David P. Ryan, the clinical director of Mass General Cancer Center — which is poised to potentially lose patients to the new Dana Farber hospital — also called on state regulators to limit the new hospital to 126 beds instead of 300, arguing that more beds would increase health care costs.

John E. McDonough, a professor of public health practice at the Harvard School of Public Health and former Massachusetts State representative, said that a recent high-profile merger between Mass General Hospital and Brigham and Women’s systems may have led Dana Farber — which competes with the two — to feel left behind.

“That left Dana Farber with their special dating relationship with Brigham and Women’s kind of standing to the side and wondering, ‘Well, what are we? Chopped liver? What about us?’” McDonough said.

Mass General Brigham — the merged system — recently announced on March 18 its own $400 million investment in developing its own cancer center, particularly renovating existing buildings to increase outpatient space. Many saw the announcement as a response to Dana Farber’s own expansion plans.

Paul Hattis, senior fellow at health care nonprofit the Lown Institute, said the new cancer center could draw revenue away from less prestigious, but essential smaller hospitals.

“They predicted in the first year, about $93 million of patient revenue moving away from those hospitals to Dana Farber,” Hattis said, referring to a report by the HPC.

“We already have a system of haves and have-nots in the States,” he added. “I’m worried that as they draw revenue away from some of the other hospitals, including some of the have-nots, it could destabilize some of them.”

Dana Farber’s new hospital would be eligible for higher reimbursements from Medicare under a federal rule, adding to the potential financial gain.

“Designated cancer hospitals are able to charge the federal government the way that hospitals used to be able to do in the 60s and 70s. Whatever their costs are, they send the bills to the Centers for Medicare, Medicaid services, and they get paid,” McDonough said.

That’s in contrast to its current cancer unit at Brigham and Women’s, which does not get access to the higher reimbursement rates.
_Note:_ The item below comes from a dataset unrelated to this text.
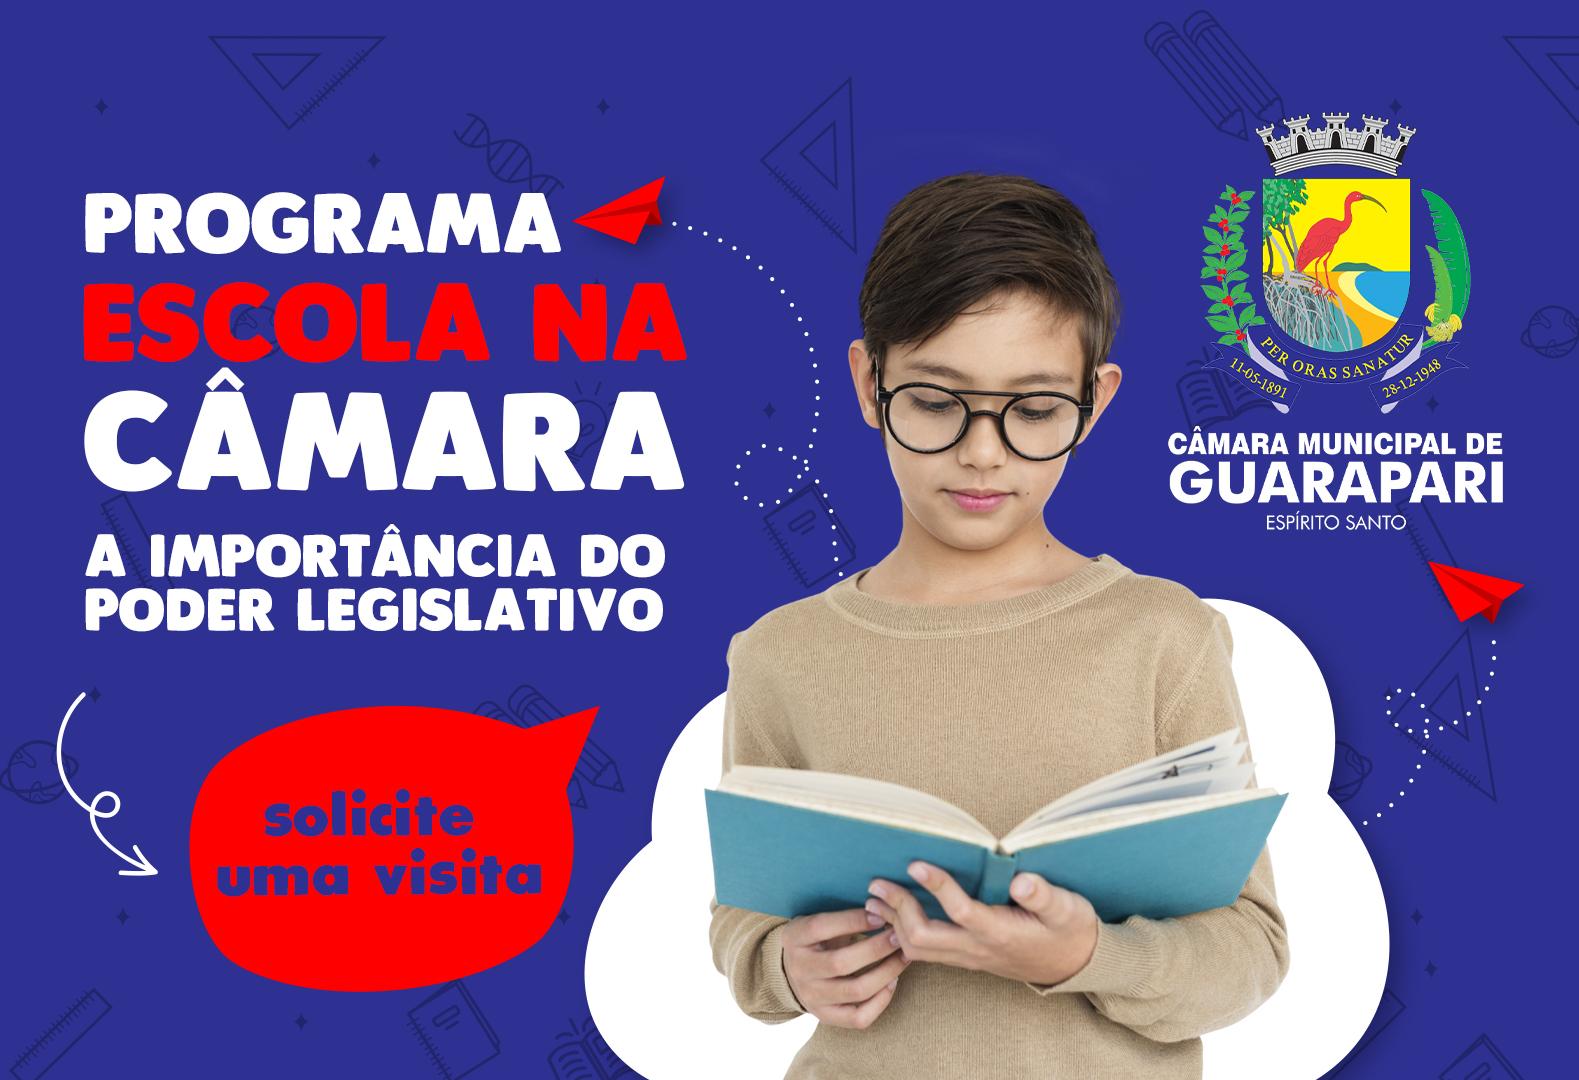 Programa Escola na Câmara.

Given a list of criticisms made by healthcare experts for this article, a spokesperson for Dana Farber declined to comment. A spokesperson for Beth Israel did not respond to a request for comment.

“I do not think that the condition that the DPH wrote is a satisfactory one to constrain the additional — call it cost growth, and revenue flow that could result,” Hattis added.

Hattis, McDonough, and Berwick each worried that the cancer center represented more the competition for dominance between Boston’s largest hospital systems rather than a real benefit to the public.

“Just understand that it starts with each organization’s self interest. What’s in it for them?” McDonough said.

“These are proud institutions that have, in all cases, done terrific work, but they have a lot of trouble coming up with shared solutions that serve the interests of the public at large,” Berwick said. “They serve institutional interests.”